Supplier costs may be increasing but, with pub lunch prices nudging three-figures locally, the café is drawing more families as an affordable weekend lunch option. Though it hasn’t always been so busy.

“In the early days a lot of people assumed we were just a farm shop selling a few niche products,” says Toni, adding that a gas leak in 2020 which closed the main road proved to be a turning point in its fortunes.

“Those who would normally head for Tesco and Sainsbury’s were coming in for the first time and discovered there was a lot more than they expected and things they wouldn’t see in the usual stores.We’d been written off by some – but they had a huge surprise.”

The pandemic further cemented the shop’s role at the heart of its community.

At the height of the crisis, 60-strong queues formed around the car park for essential supplies.

Strong supplier relationships, including with the nearby Burton Mill, kept stock levels replenished with 25kg bags of flour regularly ordered – crucial in meeting the demand for the domestic baking explosion during Covid.

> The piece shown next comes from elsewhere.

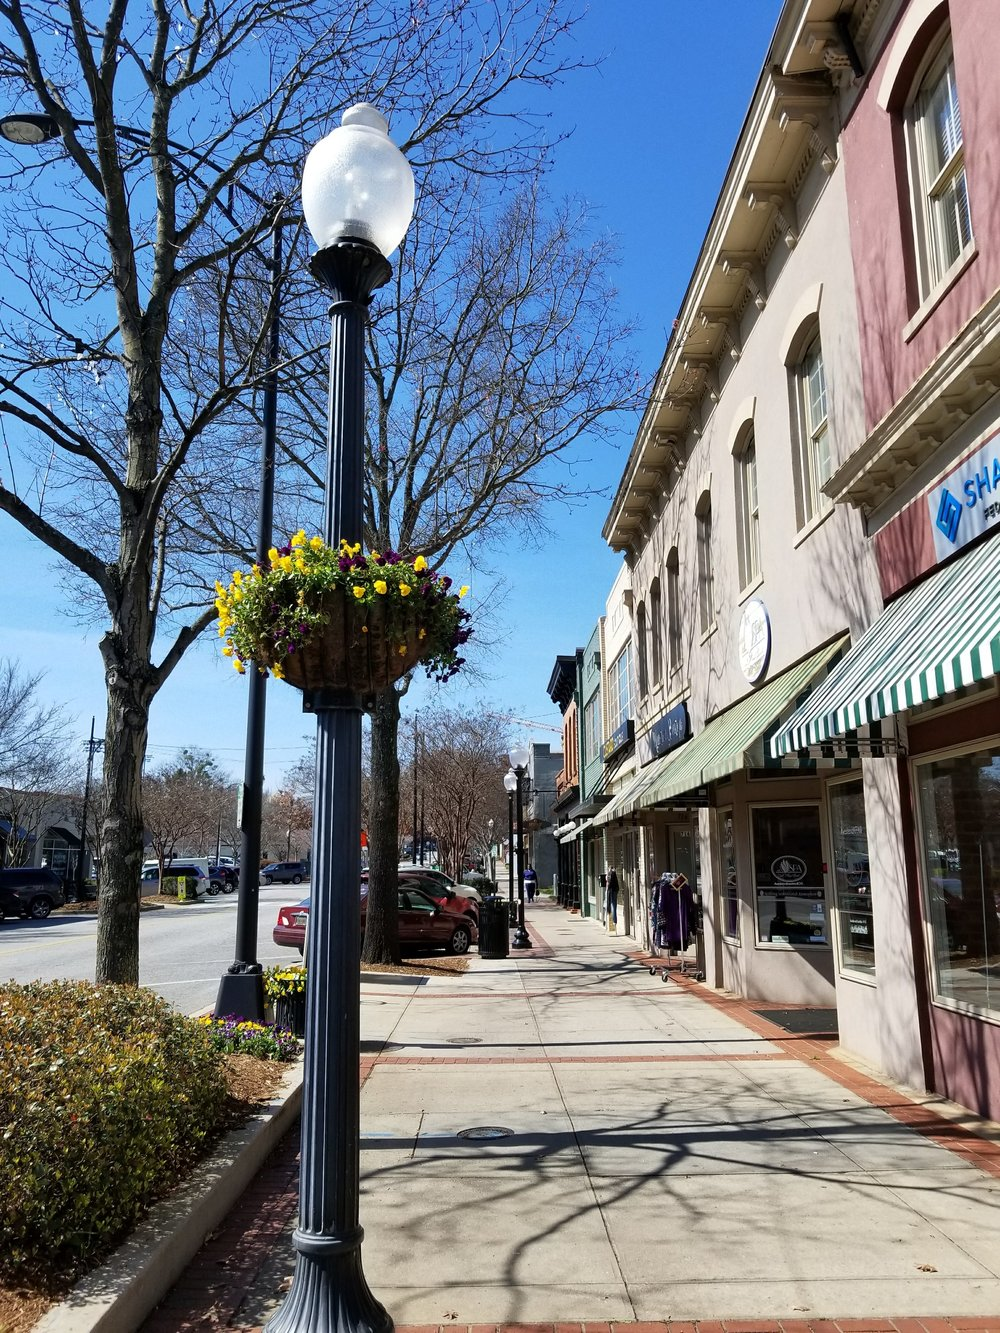 flower-baskets-downtown-greenville.jpg

Also at that time, the shop set up a “Food Angels” scheme to provide free boxes of food for families struggling financially during the crisis – particularly the self-employed agricultural and service-sector workers who didn’t benefit from the furlough scheme. The boxes are still made occasionally if required, along with contributions to the local primary school’s breakfast club – reminders that, in a largely affluent village of listed and chocolate-box houses and fleets of 4x4s, hardship is still a reality for some.

Toni adds: “We’ll also get calls from people miles away worried that their elderly relative hasn’t answered the phone for a while and someone here will check up on them; or those struggling to get out may ask us to drop something off which is fine. Basically, if people need help, then we’re here for them.” Plunkett UK CEO James Alcock has seen its role of community run shops, numbers of which have doubled to 450 over the past decade, broaden from simply safeguarding essential services to offering inclusive employment and welcoming those new to the countryside.

“They’re not without their challenges; in the pandemic, community shops were seen as vital businesses and then we saw a wave of volunteer fatigue and the additional challenges of the energy crisis, but the sector does have resilience,” he says.

“Often it requires them to go through periods of thinking ‘this is hard work’ to emerge stronger and innovate and grow the business, often through an injection of new volunteers and committee members.” With the lunch trade over for the day, Toni snatches a quick coffee before the post-school deluge for pick’n’mix and the accompanying parents ordering oat milk lattes and vegan flapjacks.

Returning after a knee operation, volunteer Nicky Hashfield, who is retired and comes in once a week from nearby Petworth to man the till and clear tables, has arrived for the late afternoon shift.

“Being here feels like spending time with a second family,” she says.

“I’ve been away for a bit so I’m not up to speed with some of the new lines but the customers are great. They’ll always be patient because they realise you are doing your best.” Which, it seems, Fittleworth Stores always manages to do.